The Panthers were the last team into the 2023 Stanley Cup playoffs, stuck as the No. 8 seed supposed doormat for Boston. They spent a week on the brink of elimination after losing to the Presidents’ Trophy winner twice in Sunrise and were down by a goal in the final minute of Game 7, only to tie the score with seconds remaining and then stun the Bruins in overtime in Boston.

Even after they got out of first round, they drew Toronto in the second and Carolina in the third. So far in the Cup playoffs, Florida has beaten the team with the most, second most and fourth most points in the regular season.

All of the Panthers’ last 12 games have been decided by two goals or fewer, too. Six of their 11 wins took overtime, including their quadruple-overtime victory in Game 1 of the ECF last week, and six required comebacks. Although Florida is the first team into the Stanley Cup Final, the Panthers have only outscored their opponents by seven goals in these playoffs — less than half a goal per game.

This doesn’t even include any of Florida’s ignominious history: The Panthers went to the Finals for the first time in 1996 and then went a quarter of a century without winning another postseason series until they finally broke through to the second round last year, only to get swept by the rival Lightning once they got there. In 29 seasons, Florida has been to the playoffs just nine times and four of those have come in the past four years — and one of those appearances only happened after the NHL expanded the 2020 Stanley Cup playoffs to 22 teams because of the COVID-19 pandemic.

Maybe nothing about this run is more unlikely than the Panthers’ biggest postseason hero: Sergei Bobrovsky signed a seven-year, $70 million deal with the Panthers in 2019 to make him the highest paid goalie in the NHL and it immediately looked like one of the worst contracts in the league. He had a meager .902 save percentage in his first two seasons in South Florida, got benched during the 2021 Stanley Cup playoffs, rebounded a little bit during the 2021-22 NHL season at then didn’t even start at the beginning of these payoffs, with the Panthers opting instead for goaltender Alex Lyon, who, at 30, had only played 39 games in the NHL.

Barely a month later, the 34-year-old Russian manned his crease to near perfection while 20,065 fans serenaded him with chants of, “Bobby! Bobby!” After he backstopped Florida to three straight wins to rally the Panthers past the Bruins, he stopped 164 of 174 shots from the Maple Leafs and then 168 of 174 from the Hurricanes in the conference finals. His save percentage is the best in the playoffs among goalies to play at least 10 games.

He is not the only reason Florida has made it to brink of a Cup, though. Four years ago, the Panthers were stuck in a four-year drought without a postseason appearance — not expanded those 2020 Cup playoffs — and had put together only one 100-point season in their history, so they fired longtime general manager Dale Tallon, brought in Bill Zito as his replaced and asked their new general manager to completely reshape the organization.
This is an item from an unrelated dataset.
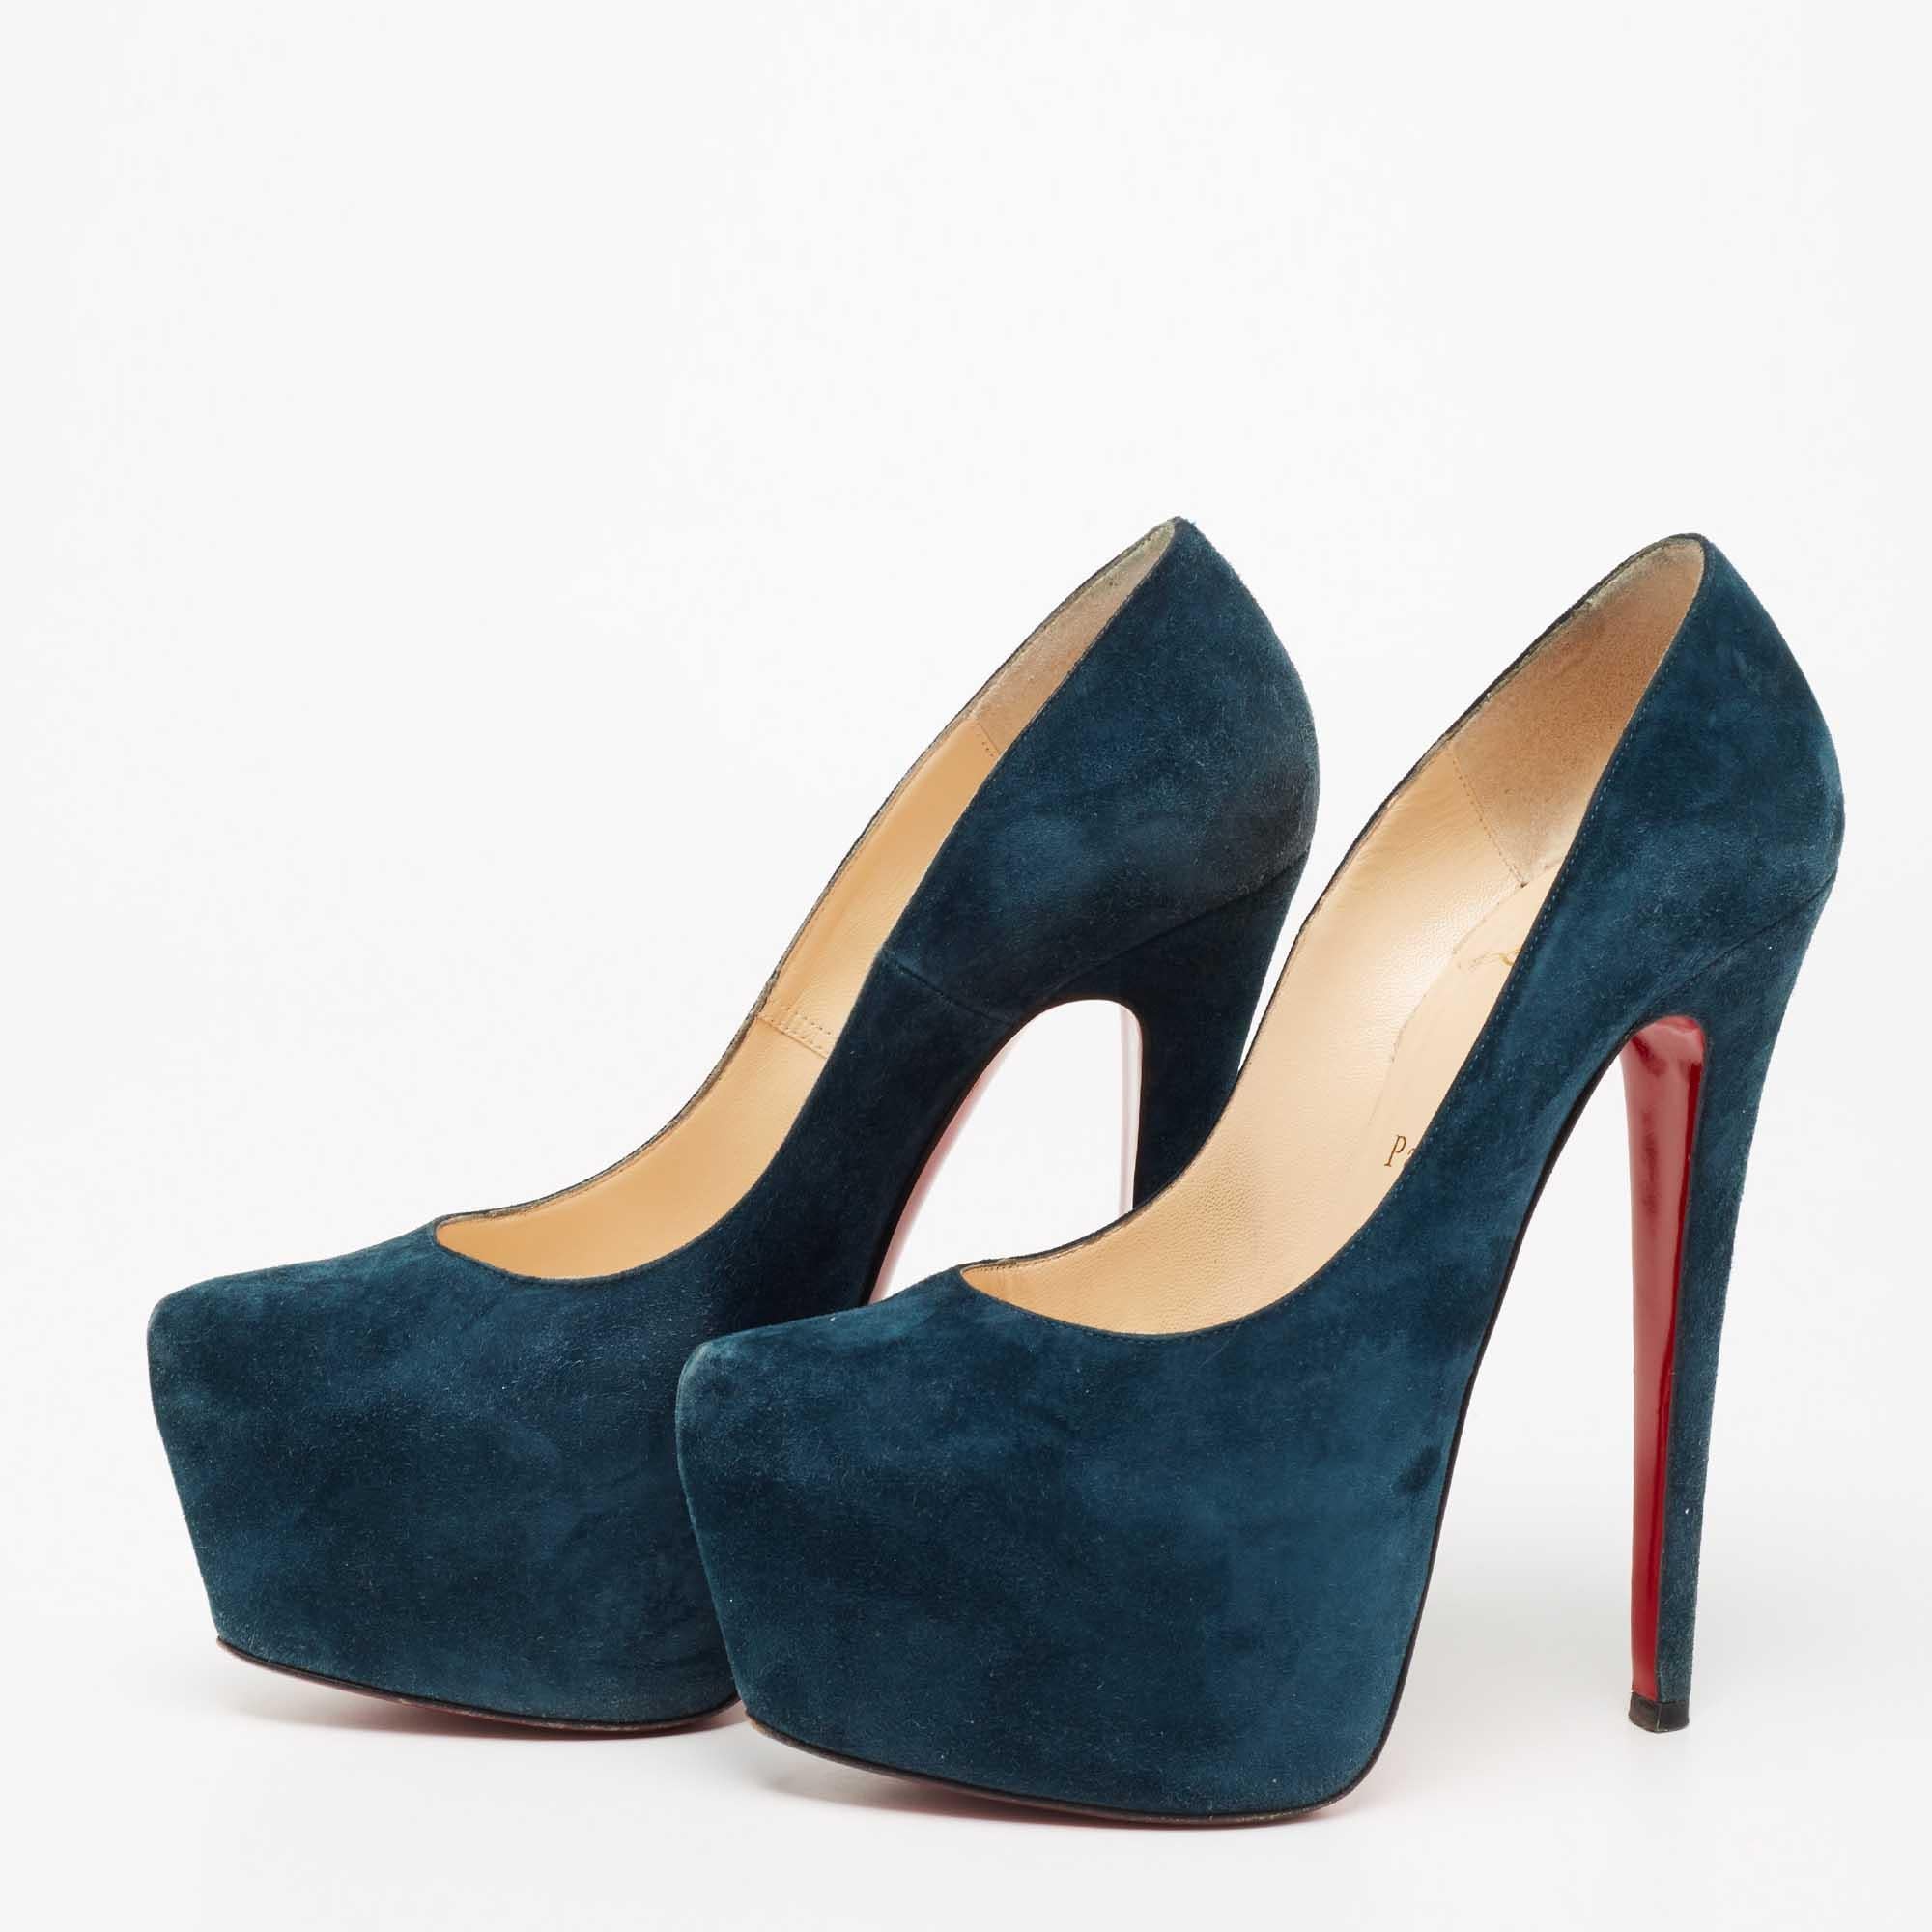 Take every step with elegance and style in these Daffodile pumps from the House of Christian Louboutin. They are crafted meticulously using dark-teal suede. They showcase thick platforms, towering heels, and a slip-on feature. These beautiful CL

In his first year, Zito brought in 10 new everyday contributors and Florida played at a 115-point pace. In Zito’s second season, the Panthers won the Presidents’ Trophy for the first time, only to again fail to win even a single game in the second round of the playoffs. The GM’s third offseason was his most ambitious yet.
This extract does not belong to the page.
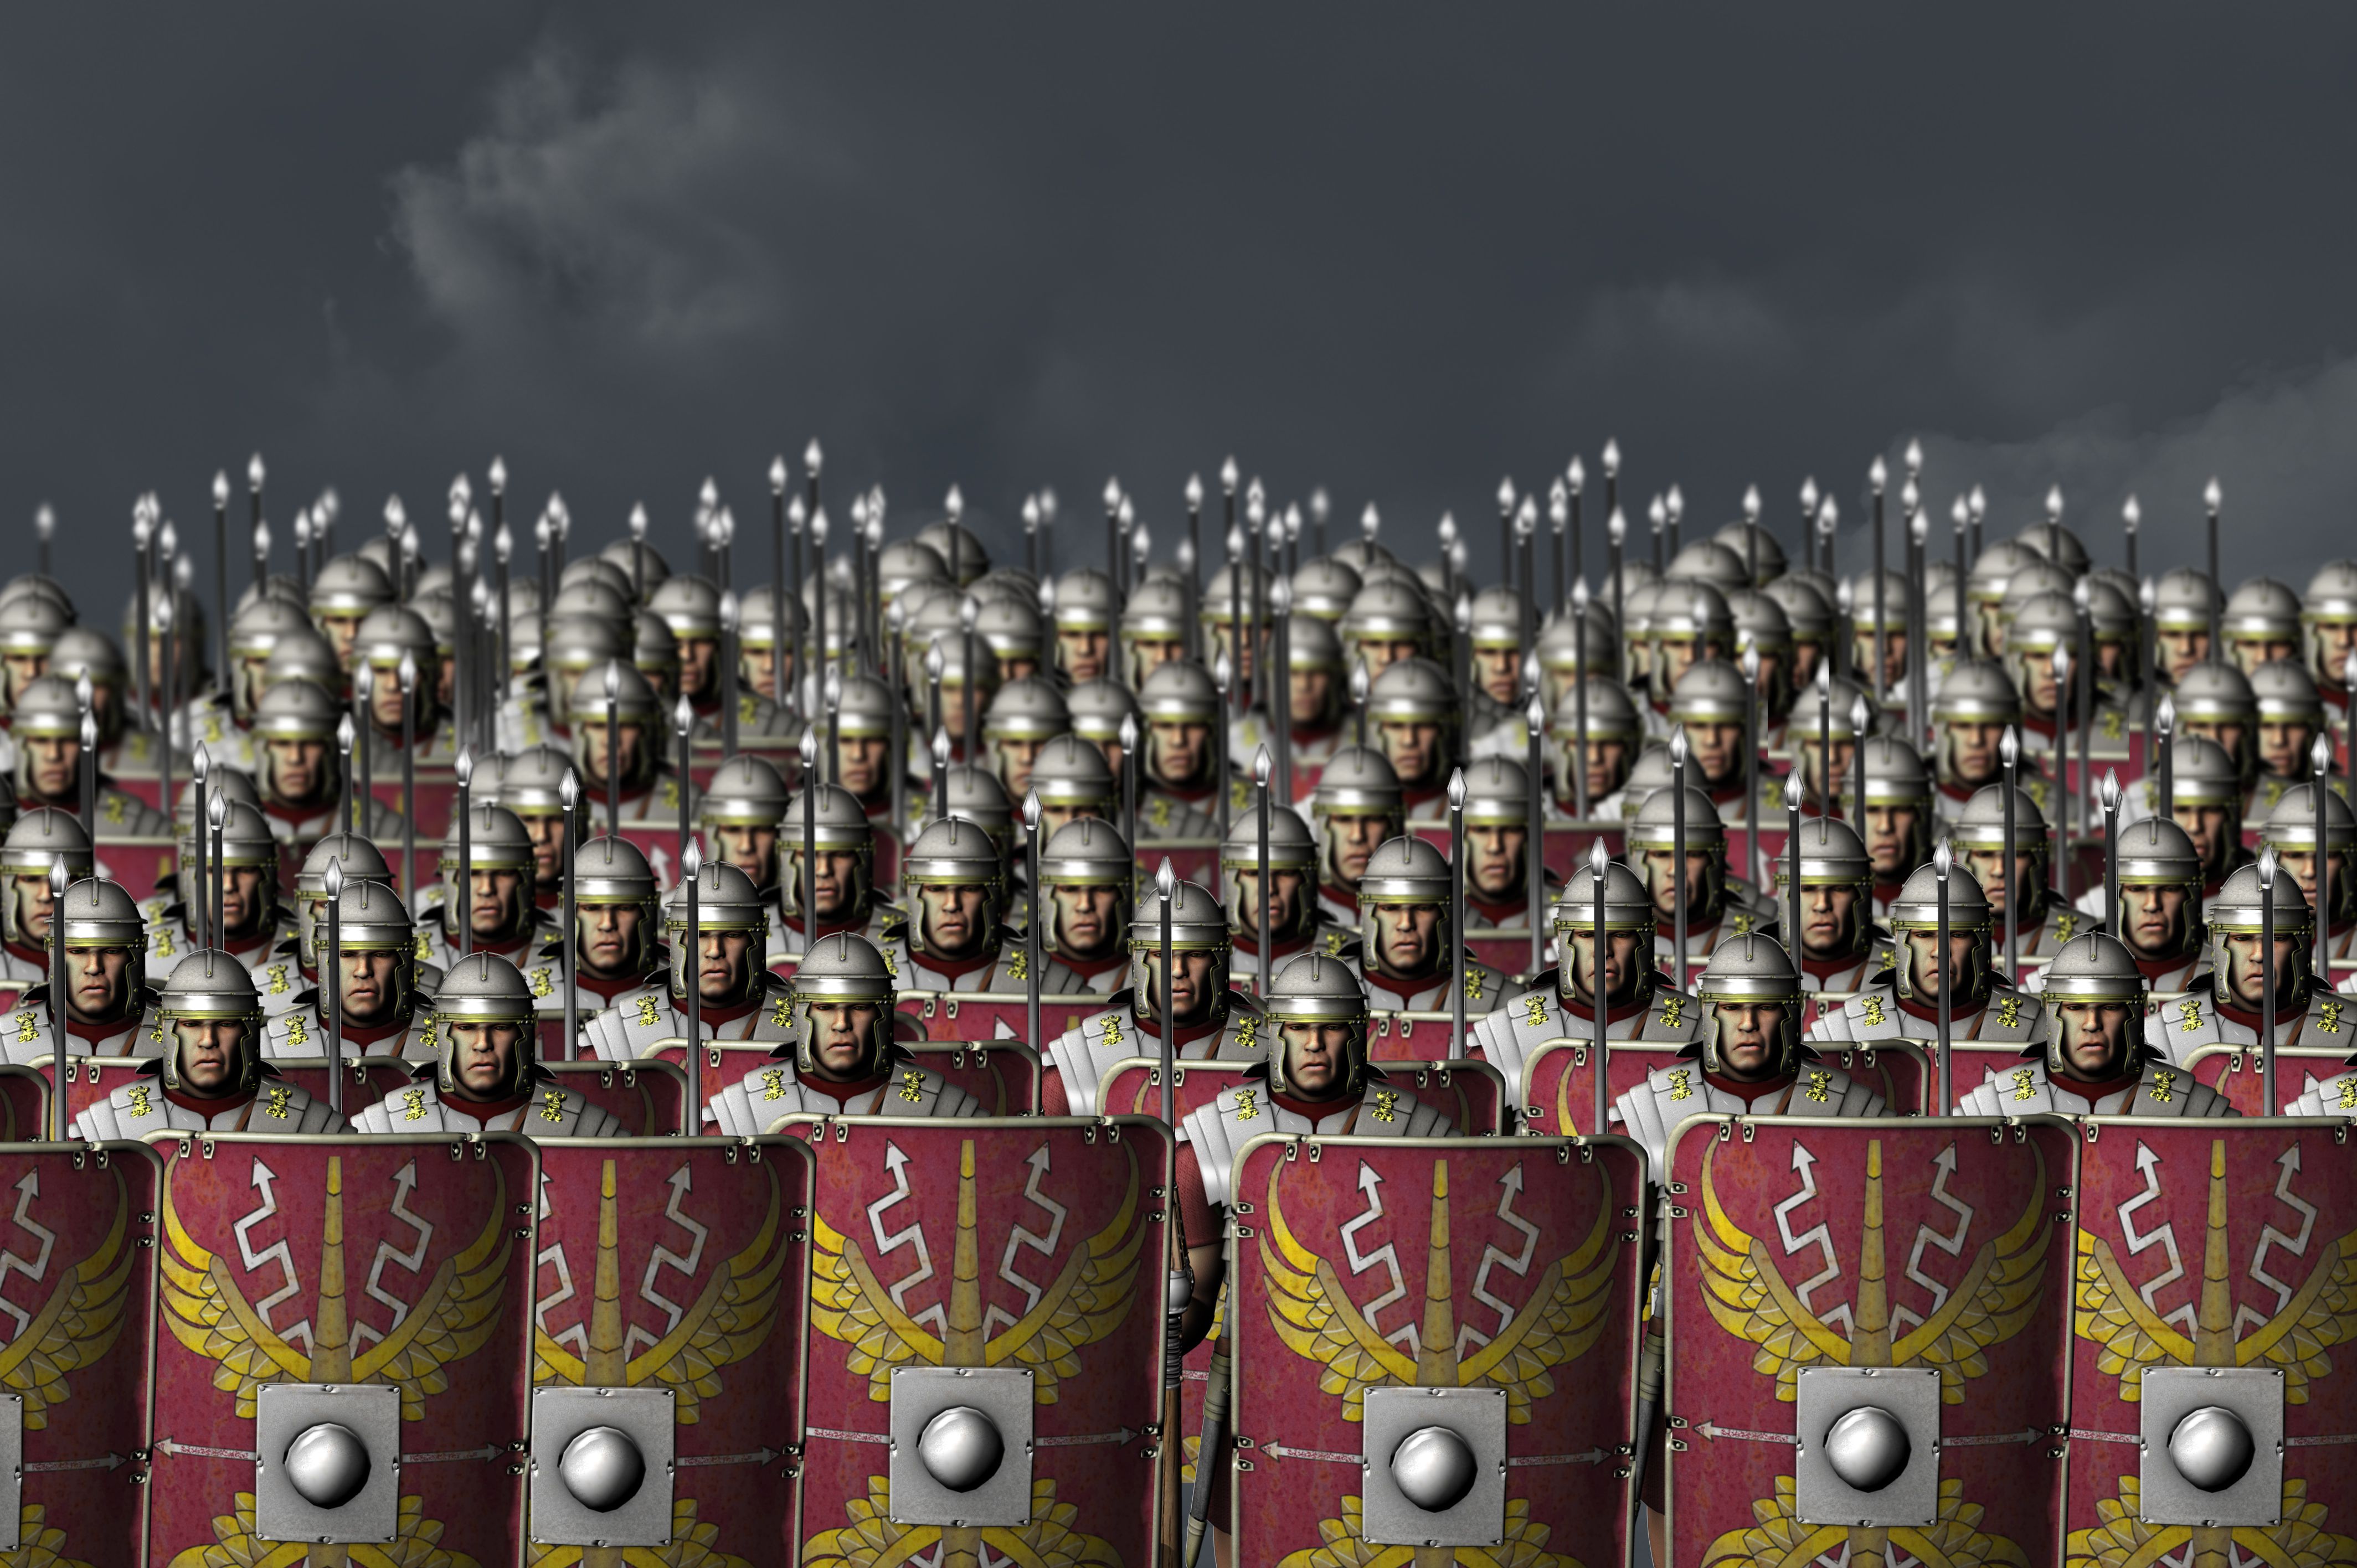 the roman army - facts about the roman army

Panthers make decision on Barkov’s status for Game 4. And Zito a finalist for top GM

Andrew Brunette, who was a finalist for the Jack Adams Award as an interim coach, was gone and coach Paul Maurice — with more losses than any other coach in NHL history — came in to try to implement a more defensive-minded, postseason-ready system. Star defenseman MacKenzie Weegar and star left wing Jonathan Huberdeau, who was the franchise’s all-time leader scorer at the time, were gone, shipped to the Flames in exchange for Tkachuk.

For a long time, the bold moves appeared destined to flop, at least in Year 1. Florida was nine points out of a playoff spot after Christmas and three out with eight games left in its regular season, only for a six-game winning streak — all with Lyon in net — to vault them into the playoffs with one game to spare.